I have been on a huge Butter Chicken kick the past few weeks, literally eating it up to 3 times a week. It is the ultimate comfort meal, saucey, tender chicken made with delicious spices and vegetables. Butter chicken, also known as “Murgh Makhani,” is a popular Indian dish that originated in Delhi, India. It is made with marinated chicken cooked in a mildly spiced tomato-based sauce enriched with butter and cream. It is one of India’s most popular dishes.

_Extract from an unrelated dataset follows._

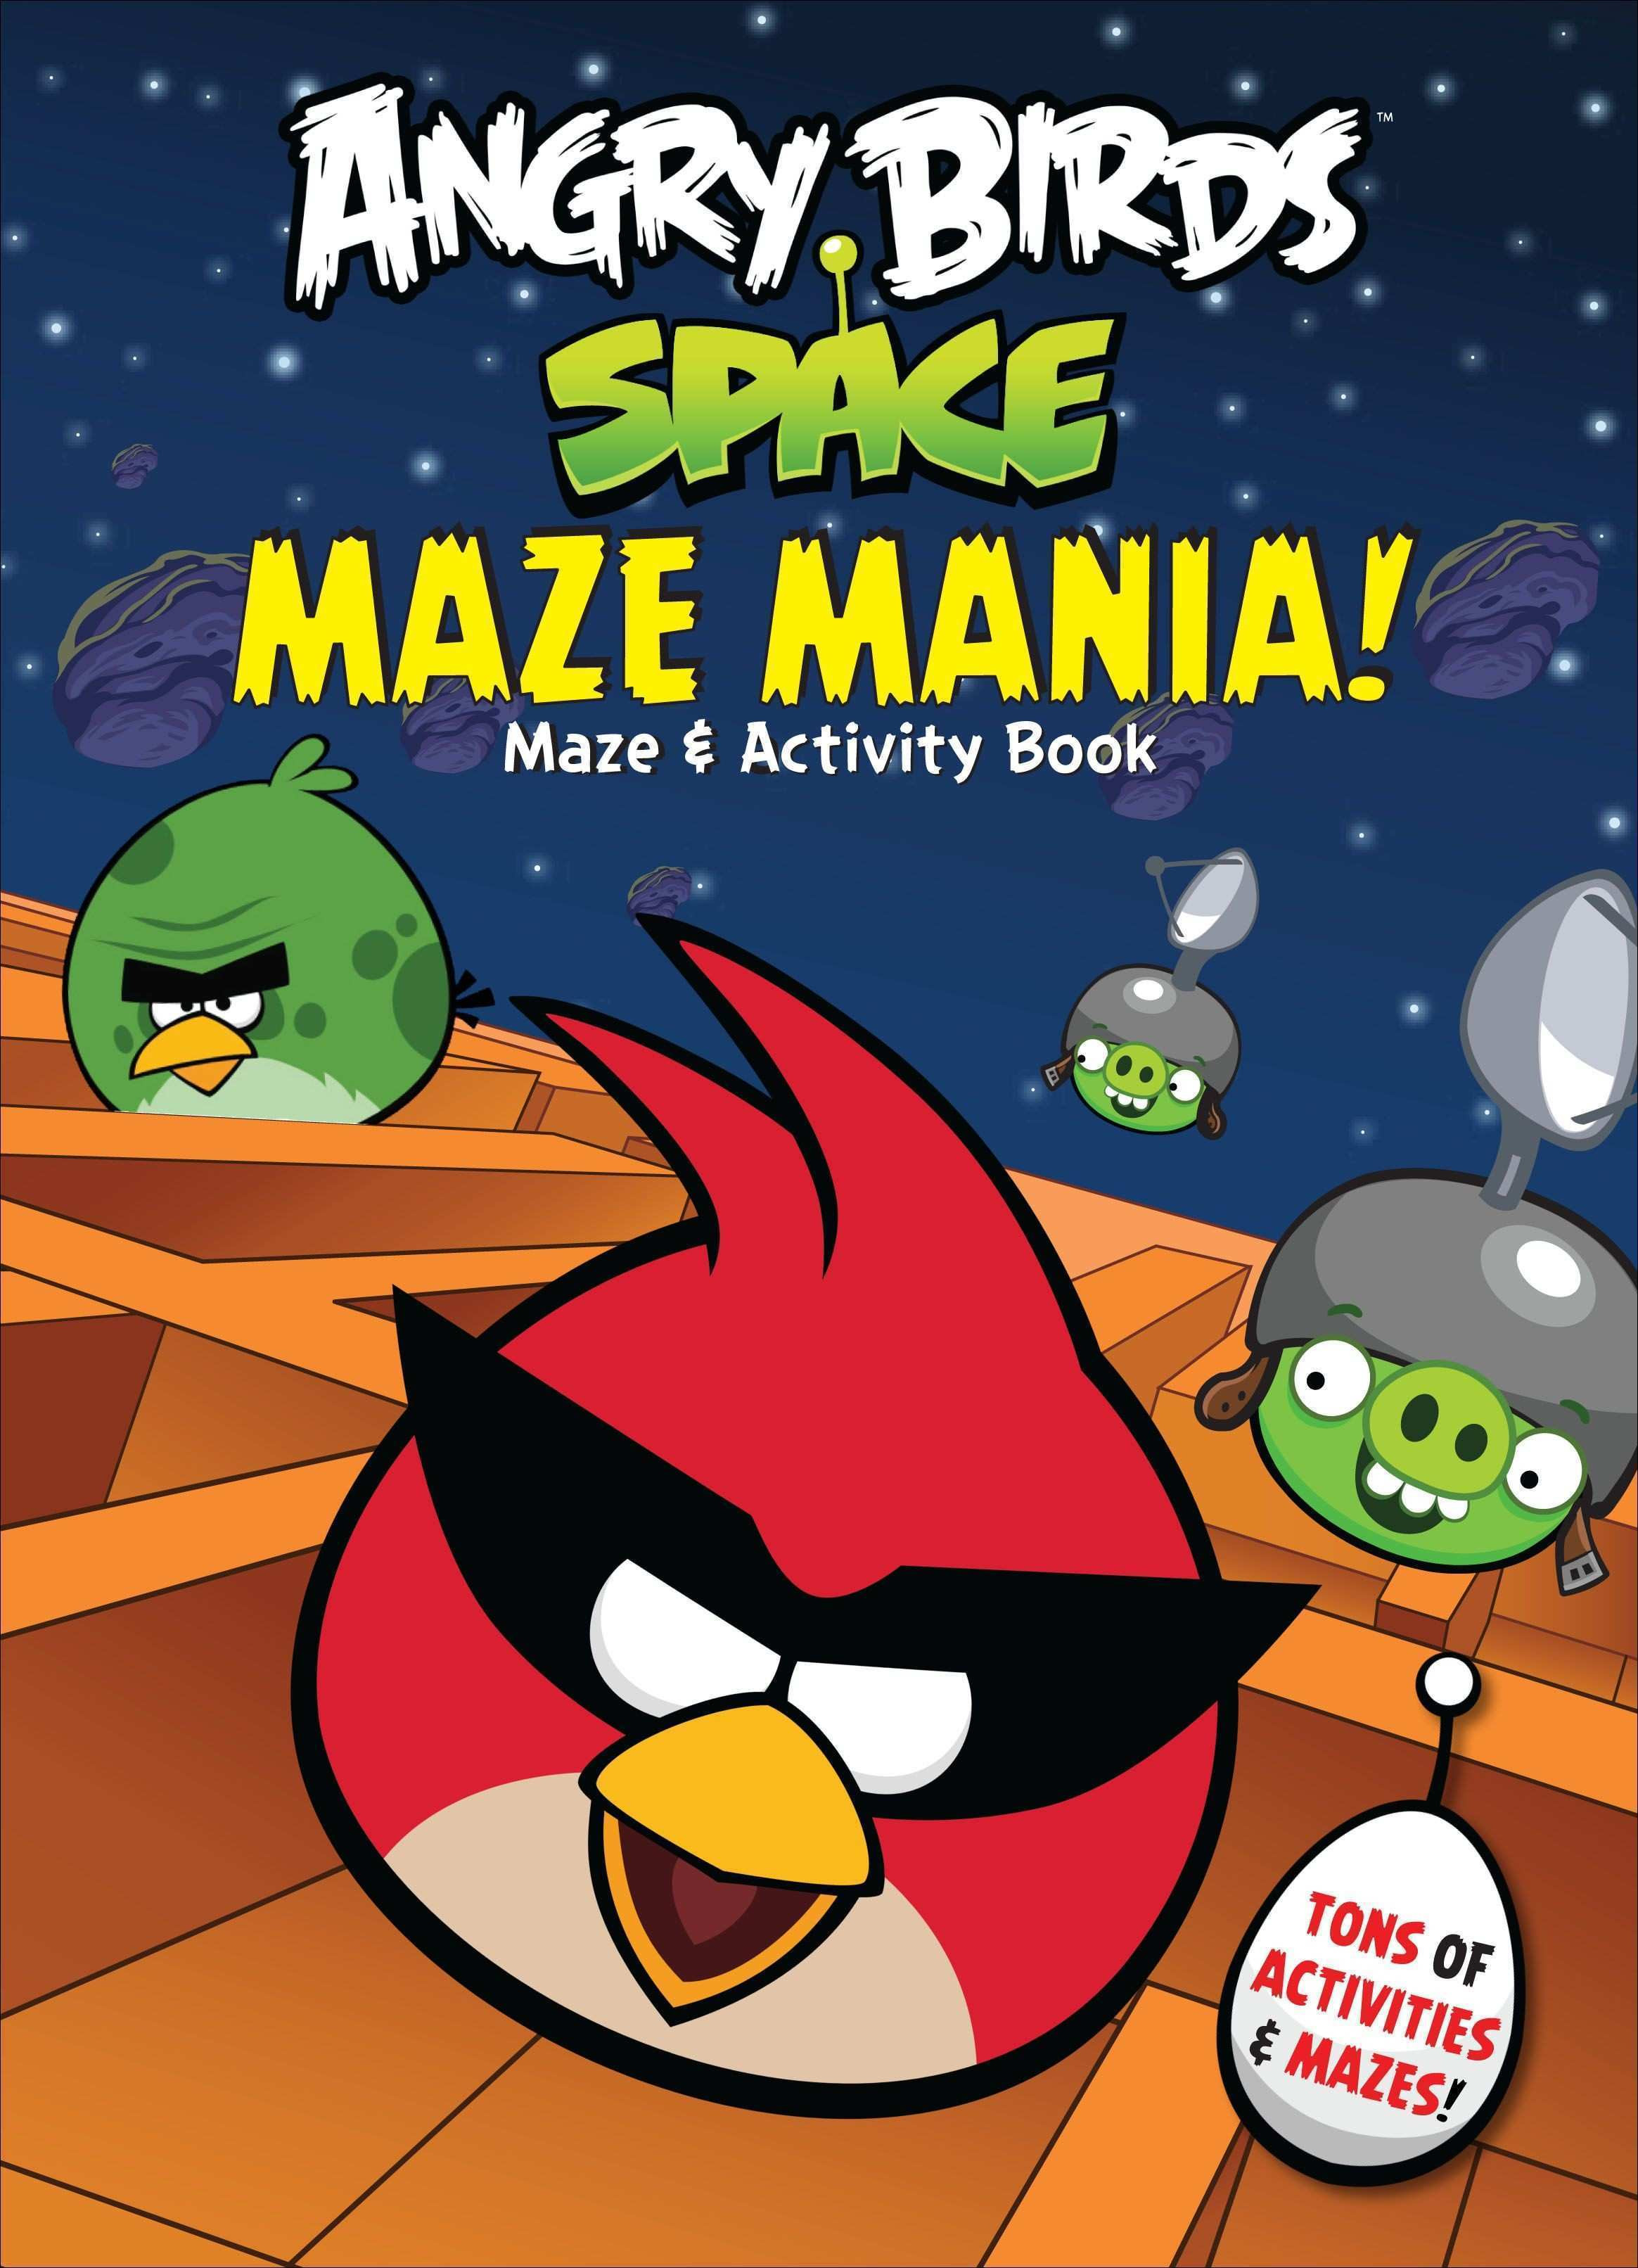 Ausmalbilder Angry Birds Inspirierend Angry Birds Star Wars Ausmalbilder Vorstellung Inspirierend Bild

I have been making my version of it for years that is dairy free for clients who can’t eat dairy, but still want delicious butter chicken! You literally wouldn’t know it is dairy free, it tastes like the real thing!

Key Ingredients and Substitutions:

  • Chicken Thighs – I like using thighs in stews because it stays moist. You can also use chicken breast here if you like, just cook for less time.
  • Coconut Yogurt – Pick a thick and tangy coconut yogurt to marinate the chicken. You can also use traditional greek yogurt.
  • Coconut Milk – This is used as the main liquid in this dish in place of heavy cream. Make sure you use full fat coconut milk to achieve the richness of Butter Chicken. You can substitute with heavy cream if you like.

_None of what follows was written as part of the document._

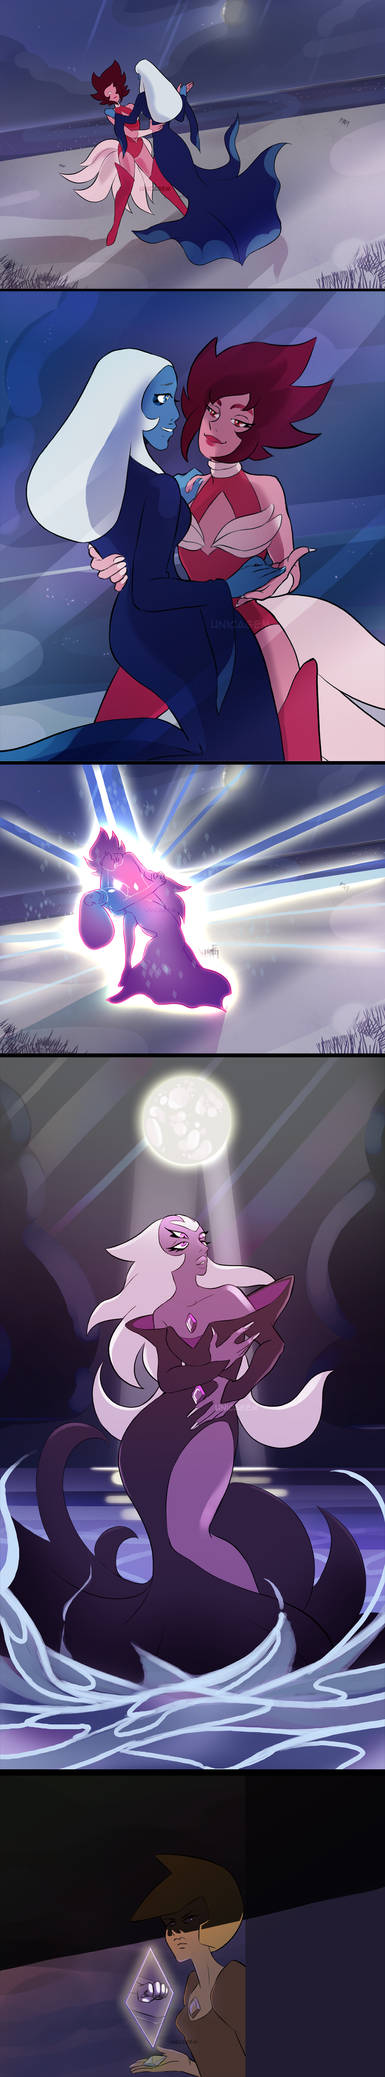 Pink and Blue fusion - PURPLE DIAMOND

What to Serve Butter Chicken With:

  • SERVINGS:  4
  • PREP TIME: 20 Mins
  • ACTIVE TIME: 50 Mins
  • TOTAL TIME: 1 Hr 10 Min

Ingredients:

Chicken Marinade

  • 1.5 lb boneless skinless chicken thighs
  • salt
  • 1 cup coconut yogurt
  • salt
  • 5 garlic cloves, minced
  • ½ lemon, juiced
  • 1 tbsp turmeric
  • 1 tbsp garam masala
  • 1 tsp cumin

Sauce

  • 2 tablespoons ghee or avocado oil
  • 1 onion, diced
  • 1-inch knob ginger, minced
  • 5 garlic cloves, minced
  • 2 tsp garam masala
  • 1 tsp chili powder
  • 1.5 tsp turmeric powder
  • 1/4 tsp coriander powder
  • 1 tbsp tomato paste
  • 1 (15 ounce) can organic diced tomatoes
  • 1 can coconut milk, full fat
  • Salt and pepper to taste
  • ½ lemon, juiced
  • Cilantro, garnish

Preparation:

STEP 1.

Season the chicken with salt and add to a bag. Whisk together the coconut yogurt, garlic, lemon juice, turmeric, garam masala and cumin and add to the bag to marinate the chicken. Marinate for 12 hours.

STEP 2.

In a large pot pan over medium heat, add the ghee and once hot saute the onions. Salt as you go, and saute until cooked through, around 5-10 minutes. Add the ginger, garlic, spices and saute for 3 minutes until fragrant. Toasting spices brings out more of the flavor in them, so don’t skip this step! Add the tomato paste and saute another 2 minutes.

STEP 3.

Stir in the diced tomatoes, coconut milk, and salt to taste. Bring up to a simmer, top with a lid, and simmer on low for 20 minutes to develop flavor. 

STEP 4.

Blend the sauce with an immersion blender or blender and add back to the pan.

STEP 5.

Add the chicken and bring up to a simmer. Simmer for 20 minutes with the lid on, or until the chicken is cooked through. Stir every few minutes so nothing gets stuck to the bottom of the pan. Stir in the lemon juice and taste for seasoning, adjust accordingly.

STEP 6.

Serve and garnish with cilantro. Enjoy!